= Aeronautical Information Manual =

Official guide to basic aviation info in the US and Canada

In United States and Canadian aviation, the Aeronautical Information Manual (AIM) (formerly the Airman's Information Manual) is the respective nation's official guide to basic flight information and air traffic control procedures.

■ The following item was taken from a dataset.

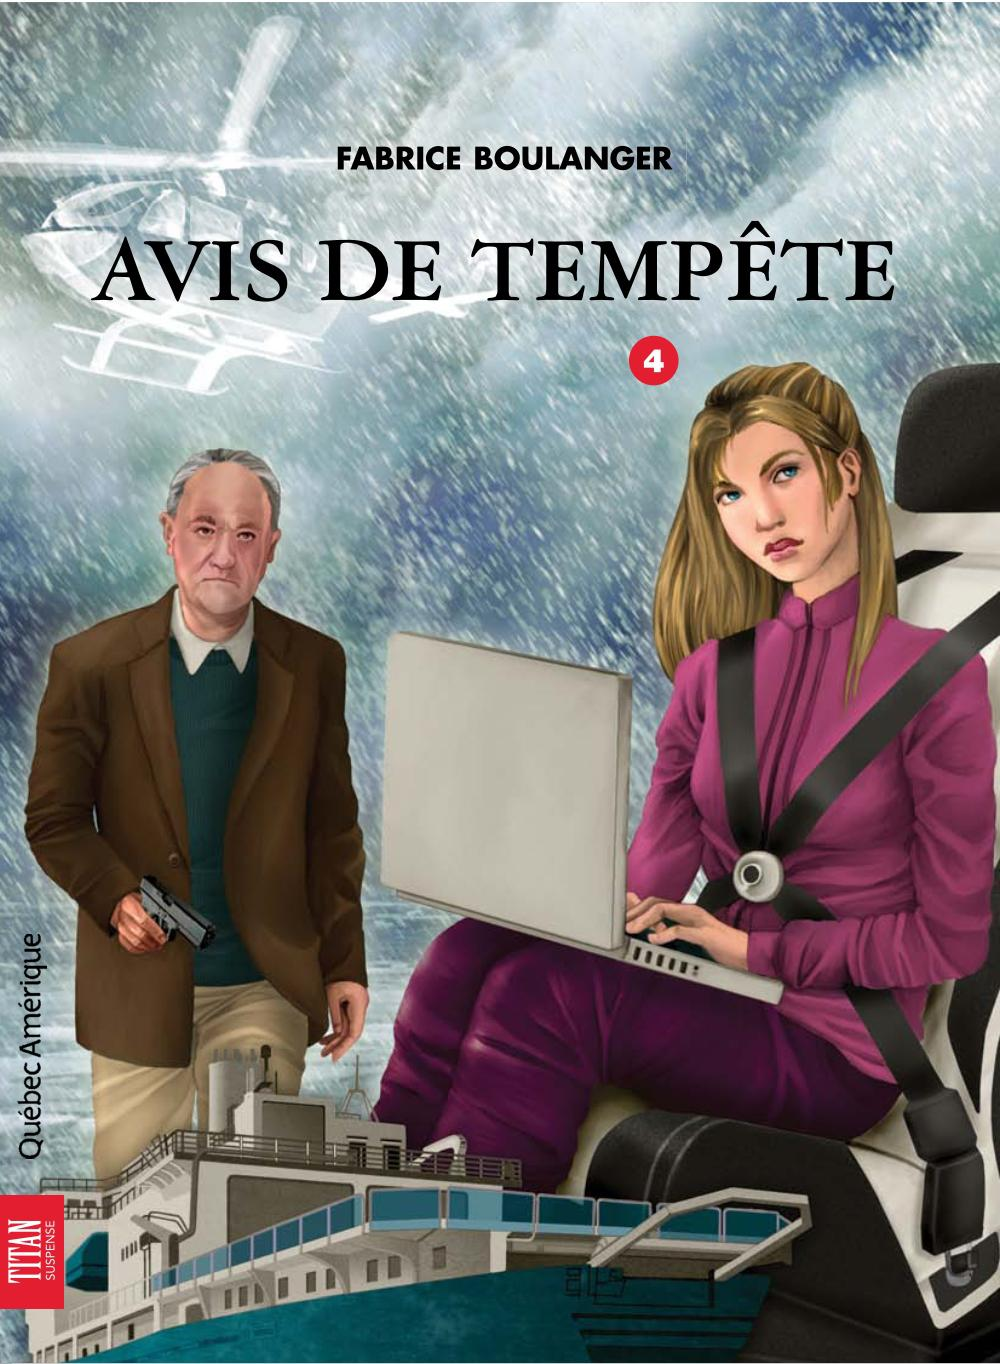 ALIBIS 4 - AVIS DE TEMPETE

These manuals contains the fundamentals required in order to fly legally in the country of origin. They also contain items of interest to pilots concerning health and medical facts, factors affecting flight safety, a pilot/controller glossary of terms used in the ATC System, and information on safety, accident, and hazard reporting. Although the AIMs are not regulatory in nature, parts of them re-state and amplify federal regulations.

== United States ==
In the United States, the AIM is published by the Federal Aviation Administration, and contains eleven chapters, as follows:

1. Air Navigation
2. Aeronautical Lighting and Other Airport Visual Aids
3. Airspace
4. Air Traffic Control
5. Air Traffic Procedures
6. Emergency Procedures
7. Safety of Flight
8. Medical Facts for Pilots
9. Aeronautical Charts and Related Publications
10. Helicopter Operations
11. Unmanned Aircraft Systems (UAS)

The AIMs text and images are produced by the FAA, and are available in electronic form. Several commercial enterprises sell typeset books containing the AIM, usually in combination with those chapters of the Federal regulations that are particularly important to pilots. The books are usually called "FAR/AIM".

== Canada ==
In Canada, the AIM is published by Transport Canada, and contains the following chapters:
1. General (GEN)
2. Aerodromes (AGA)
3. Communications (COM)
4. Meteorology (MET)
5. Rules of the Air and Air Traffic Services (RAC)
6. North Atlantic Operations (NAT)
7. Search and Rescue (SAR)
8. Aeronautical Charts and Publications (MAP)
9. Licensing, Registration and Airworthiness (LRA)
10. Airmanship (AIR)
11. Remotely Piloted Aircraft (RPA)

New editions of the AIM are published twice a year, usually in April and October.